- [PROVIDED MATERIAL]:
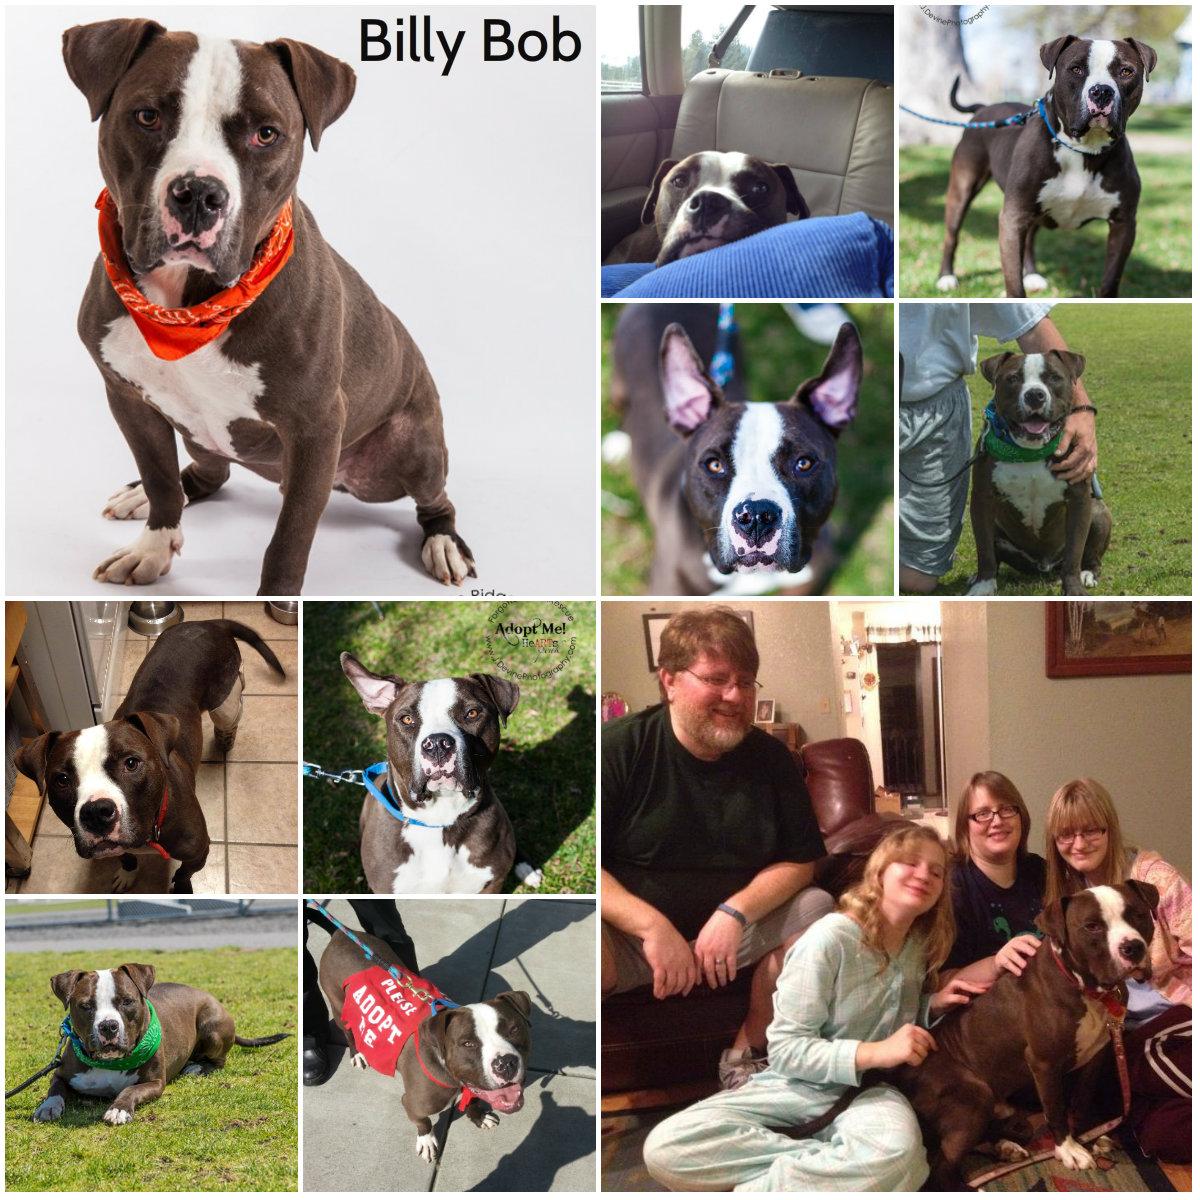 Billy Bob
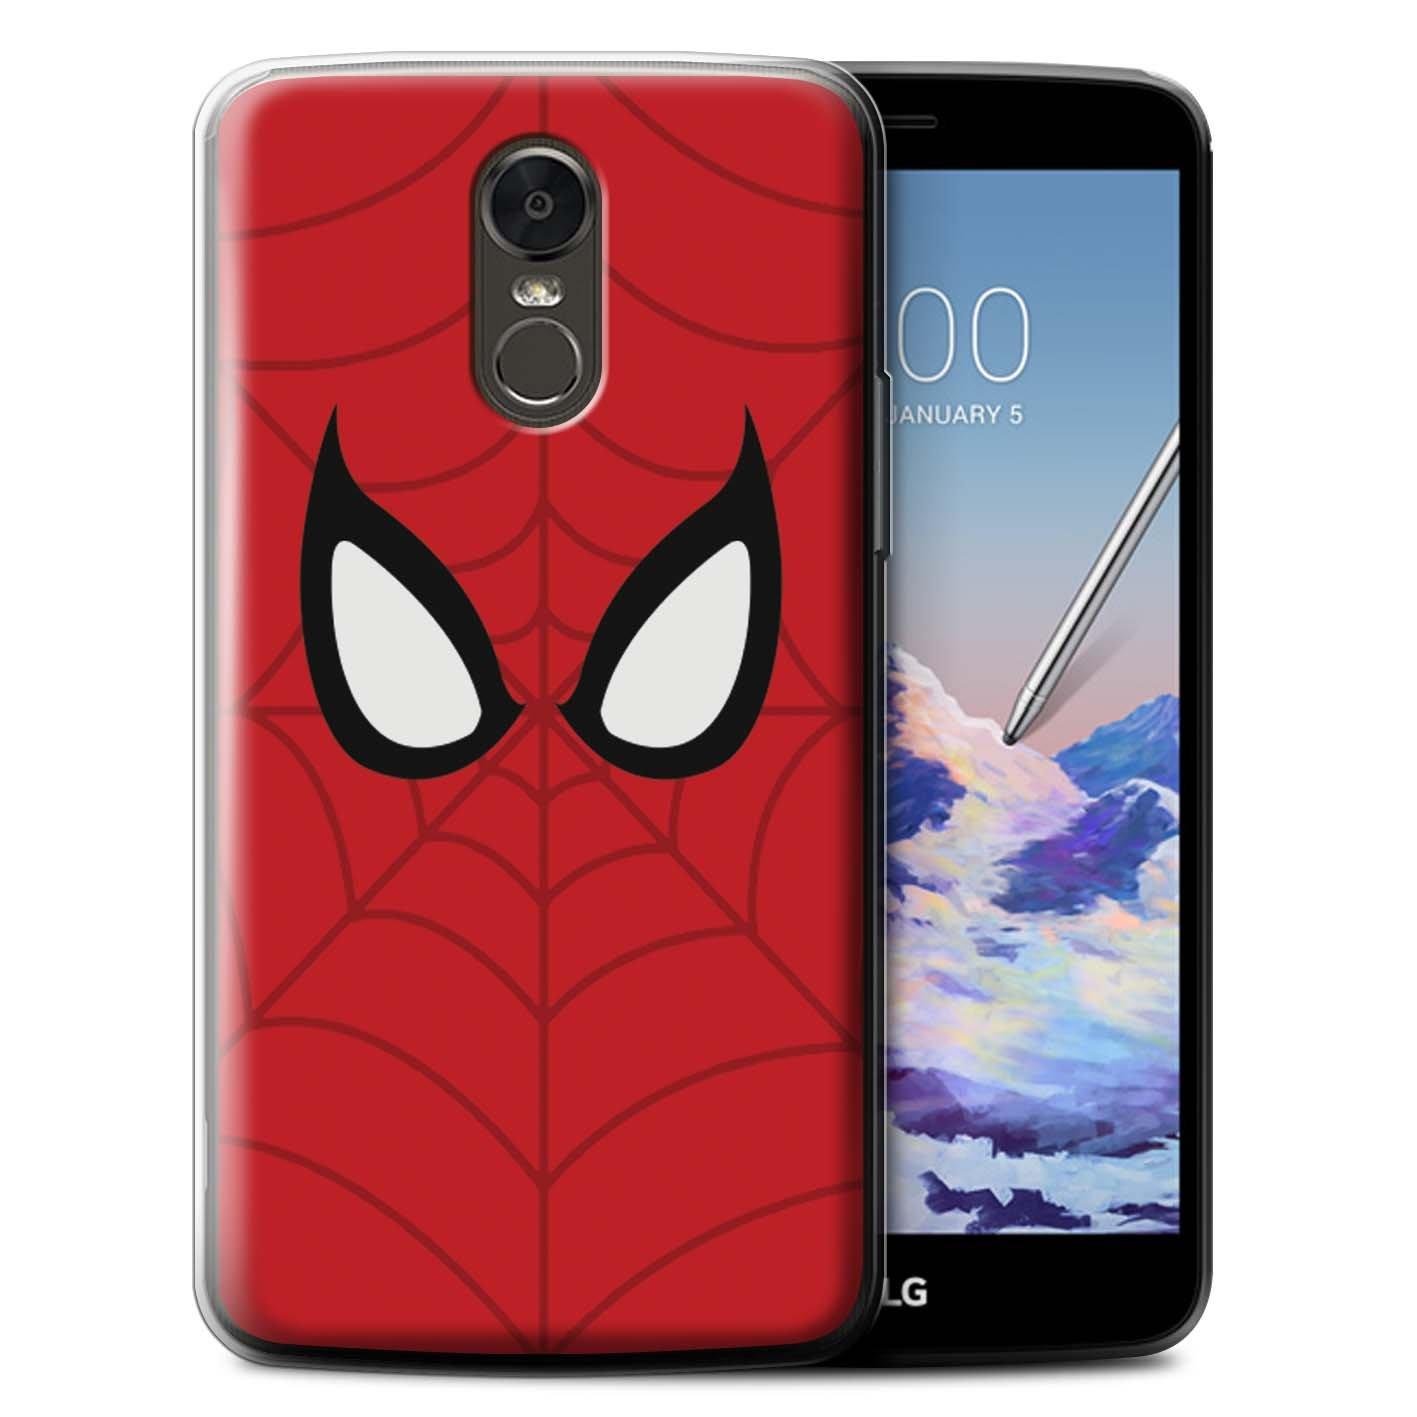 Phone Case for LG Stylus 3/Stylo 3/K10 Pro Super Hero Comic Art Spider-Man Mask Inspired Design Transparent Clear Ultra Soft Flexi Silicone Gel/TPU Bumper Cover
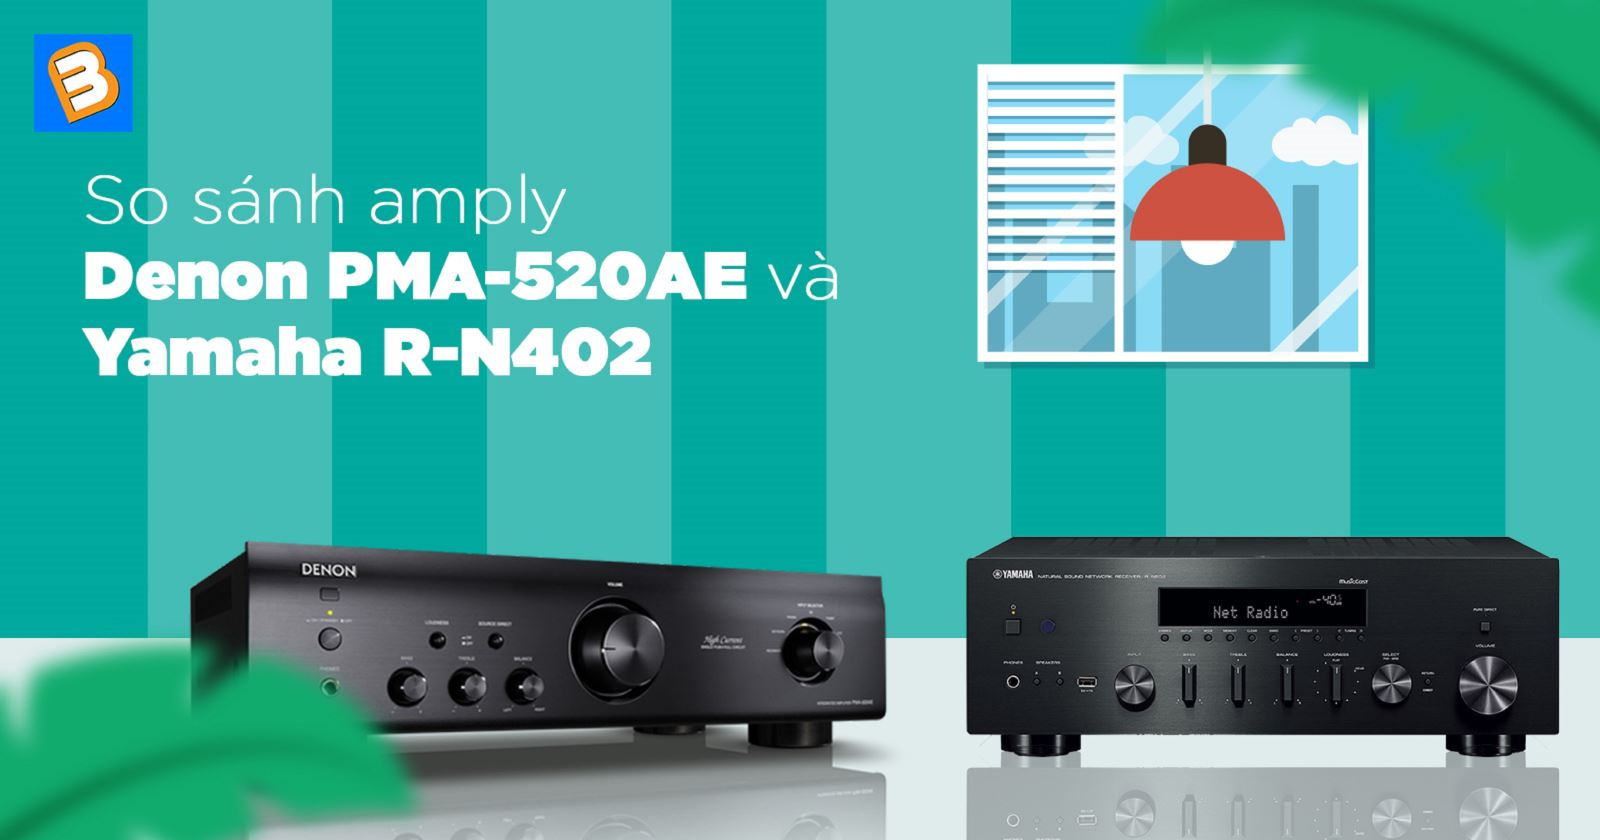 So sánh amply Denon PMA-520AE vàYamaha R-N402

- [TASK STATEMENT]: Give back every line of the material exactly as written, but not the pictures.

- [TASK OUTPUT]:
 Billy Bob
 Phone Case for LG Stylus 3/Stylo 3/K10 Pro Super Hero Comic Art Spider-Man Mask Inspired Design Transparent Clear Ultra Soft Flexi Silicone Gel/TPU Bumper Cover
 So sánh amply Denon PMA-520AE vàYamaha R-N402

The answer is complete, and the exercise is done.